In recent years, it has become apparent that a change needs to be made to the criminal justice system. Too many soldiers are being sent to jail for crimes committed due to their PTSD. In 2013, the Veterans Defense Project published a manual for defense attorneys to use when defending a veteran with a post-battle mental illness. The book is “The Attorney’s Guide to Defending Veterans in Criminal Court.” The book helps explain PTSD and traumatic brain injury and its effects on soldiers. It also has a section that explains how PTSD can be used as an insanity defense in court. The projects goals are to help rehabilitate suffering veterans, assist attorneys in understanding their clients and their illness, and to help increase public knowledge of issues within the criminal justice system.

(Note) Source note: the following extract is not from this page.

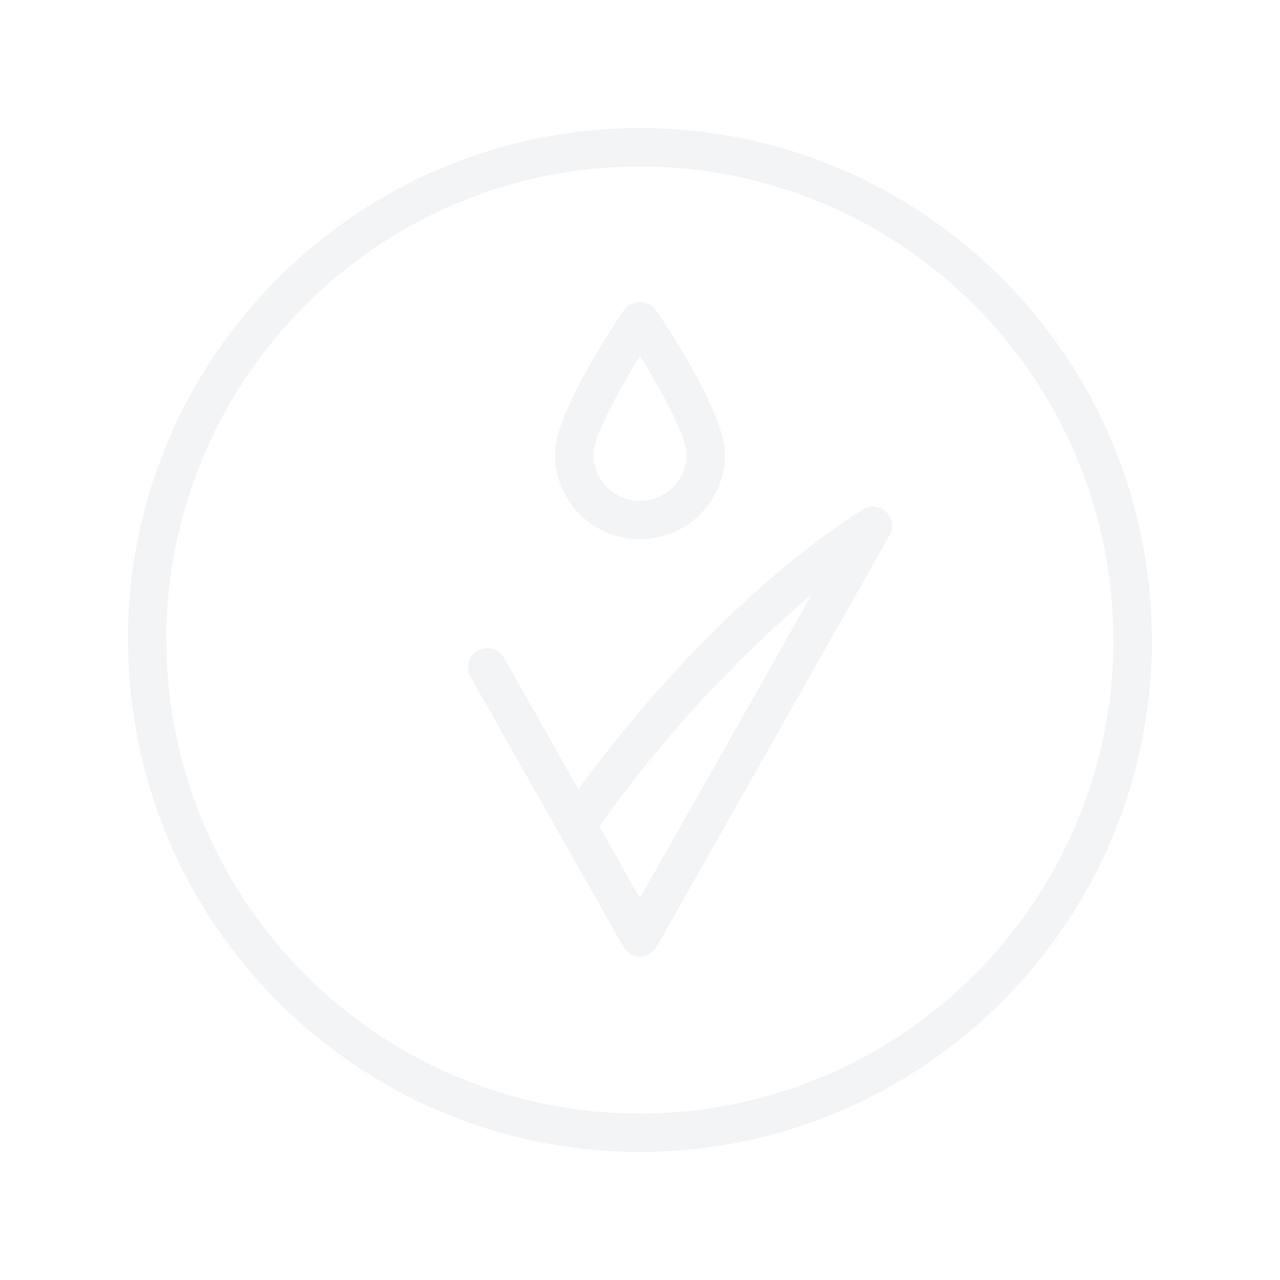 Ingli Pai Mud Mask For Sensitive or Acne-Prone Skin 30ml

Individual Veterans Treatment Courts have started to spread throughout each state. A key aspect to these courts is the option of alternative rehabilitation treatment instead of incarceration. The programs can be for mental health or substance abuse, and are often lead by veteran mentors. PTSD has increasingly become a defense for an insanity plea because of this system. This type of court is essential to keeping mentally unstable veterans out of jail, and into the help they really need. But it does not come without its issues. It is still being decided if felonies or violent crimes should be held in veteran’s court, or go through the regular criminal justice system.

In the case of Routh, he will be tried in the conventional criminal justice system. His PTSD and depression will definitely be used by his lawyers as a basis for the insanity defense plea. Either way, the murder of legendary veteran Chris Kyle, will not be forgotten.